Create Your Bare-Bones Expense Income Stream
If you start working on this now then you will have plenty of time to fine-tune it. Like myself, you might start out by trying to do it through index funds – easy, fast, least amount of work but slightly weaker returns.
As you master the indexing thing you will progress to thinking about real estate or a business. These require a little more work but the return is higher which means you need to save quite a lot less to achieve the same goal.
Let’s say you need around $4k a month for your minimum overhead, to keep the lights on so-to-speak.
- You could invest around $1.2 million in index funds.
- You could buy a $1 million home and rent it out.
- You could operate a business that needs little oversight.
- You could do peer-to-peer money lending with $800k invested.
- You could invest around $600k on real estate crowdfunding sites.
If You Don’t Want To Save Up For Retirement
Imagine that you don’t care to invest a bunch of money for retirement, having to manage it, invest it, file the proper taxes on it etc. You always have the option to generate your bare-bones expenses with some work.
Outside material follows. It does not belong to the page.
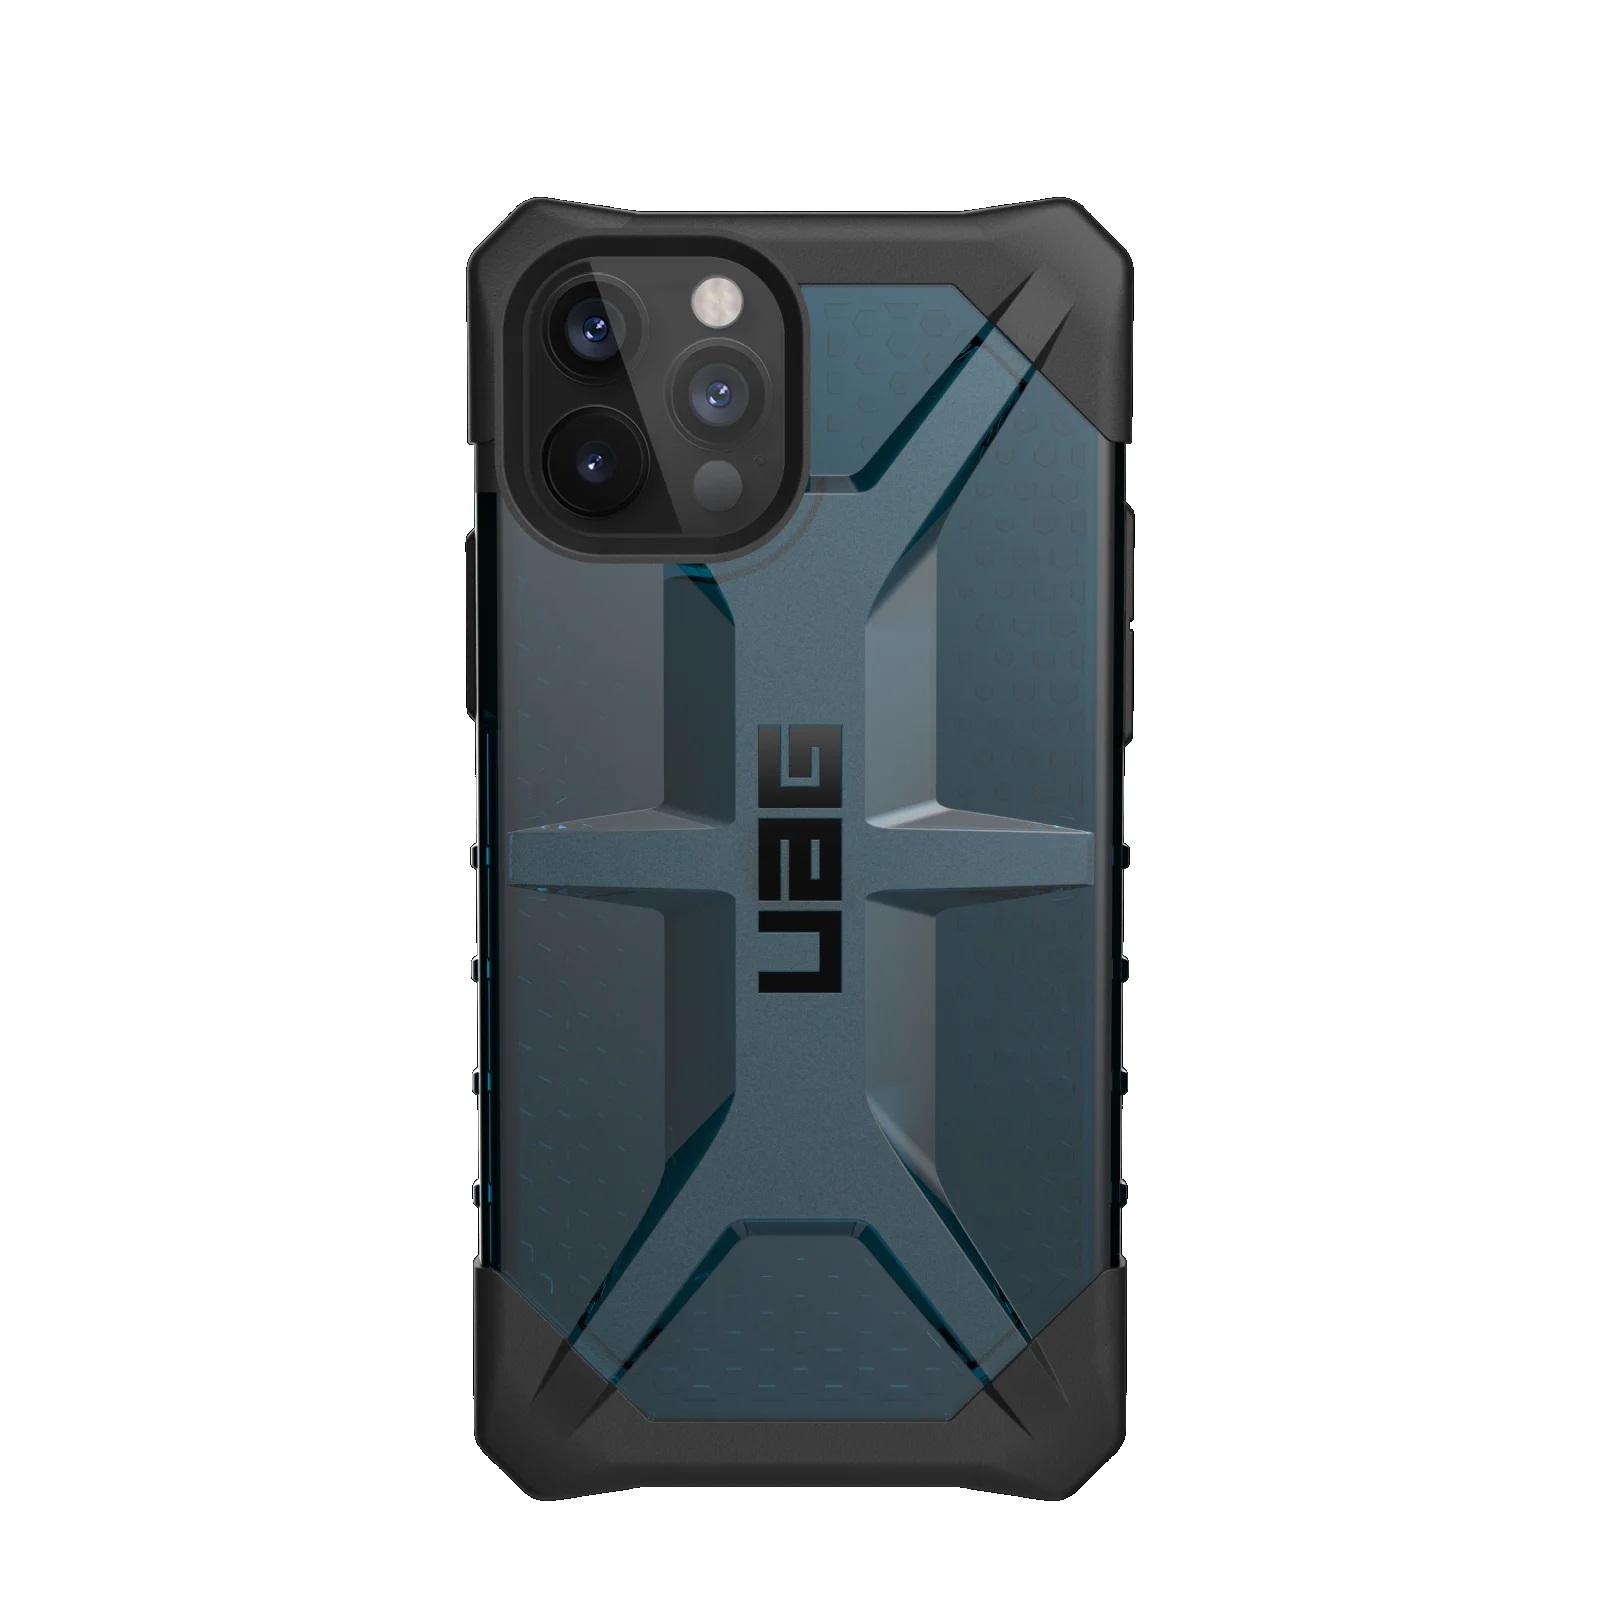 "Urban Armor Gear APPLE MILLENIUM 2 PLASMA ACCS funda para teléfono móvil 17 cm (6.7"") Negro, Azul, Transparente"

This is a perfectly viable option especially if you can:
- Do your job part-time.
- If your work doesn’t wear you out too much.
- If your expect to be healthy well into and past a traditional retirement age.
The issue is that you wouldn’t have a whole lot of wiggle room. If something goes wrong you would be stuck having to support your income with work or live on the disability insurance payments.
What About The Elective Expenses
I think it’s more important to focus on creating an income stream for your base-expenses and worry about the elective expenses later.
Once retired, you can always fill your free time with part-time work or some side-income that could make you enough to have some fun-money.
Without the pressure of having to cover your entire retirement overhead with investments and savings you can enjoy more free time now.